### Video Transcript

Suppose that the lines for vector 𝑟 equals five, negative three, four plus 𝑡 times negative three, negative one, 𝑔 and 𝑥 minus five over ℎ equals 𝑦 minus four over negative four equals 𝑧 minus two over four are parallel, what are 𝑔 and ℎ?

Our first line is given to us in vector form and our second line is given in symmetric equation form. We want to take this vector form equation and rewrite it in symmetric equation form. Vector form is given as 𝑥 nought, 𝑦 nought, 𝑧 nought plus 𝑡 times 𝑎, 𝑏, 𝑐. And under those conditions, the symmetric equation form is then 𝑥 minus 𝑥 nought over 𝑎 equals 𝑦 minus 𝑦 nought over 𝑏 equals 𝑧 minus 𝑧 nought over 𝑐.

We have the vector form of the vector 𝑟. And so, now we need to plug in what we know. Our first term would be 𝑥 minus five over negative three and the next term 𝑦 minus negative three over negative one. We can rewrite the numerator as 𝑦 plus three.

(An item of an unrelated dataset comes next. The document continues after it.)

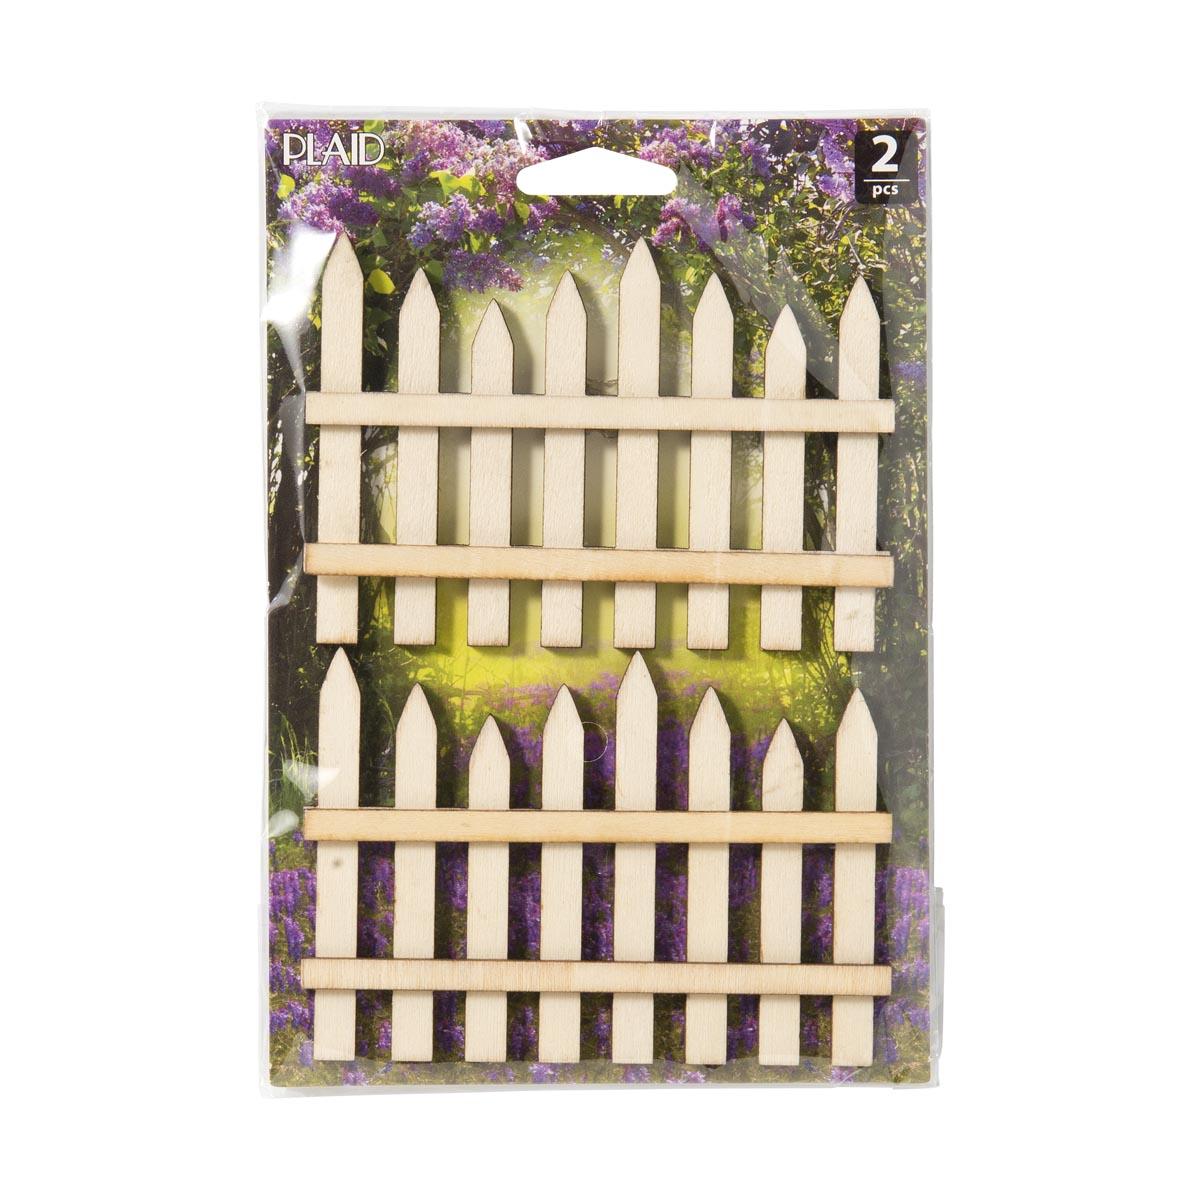 Plaid ® Wood Surfaces - Fairy Garden - Fence 2 pc. - 22563E

Then, finally, we have our 𝑧 term which will be 𝑧 minus four over our variable 𝑔. In order for these lines to be parallel, there denominators must be proportional to one another.

If we consider the denominators of our 𝑥 term, on the left, we have negative three. And on the right, we have the variable ℎ. The denominators of our 𝑥 terms, on the right is four and on the left is the variable 𝑔. We can determine a proportion from these values with variables. So, we consider the 𝑦 term. On the left, we have a denominator of negative one. And on the right, we have a denominator of negative four.

How do we go from negative one to negative four? We multiply by four. And that means, to find a value of our ℎ variable, we would multiply negative three times four. Negative three times four equals negative 12. ℎ equals negative 12. We also know that the 𝑔 variable times four equals four. If 𝑔 times four equals four, then 𝑔 must be equal to one. One times four equals four. Now that we know ℎ and 𝑔, we can take this information and write our symmetric equation in vector form.

Our parallel vector 𝑡 would be five, four, two, remember, we take those from the numerator, whatever is being subtracted from the variable, plus 𝑡 times 𝑎, 𝑏, and 𝑐 where 𝑎, 𝑏, and 𝑐 are the denominators. And we have negative 12, negative four, and four. We can take out a factor of four. And we’ll have negative three, negative one, one, which are the same 𝑎, 𝑏, and 𝑐 terms from vector 𝑟. And it proves that these two vectors are indeed parallel under the conditions ℎ equals negative 12 and 𝑔 equals one.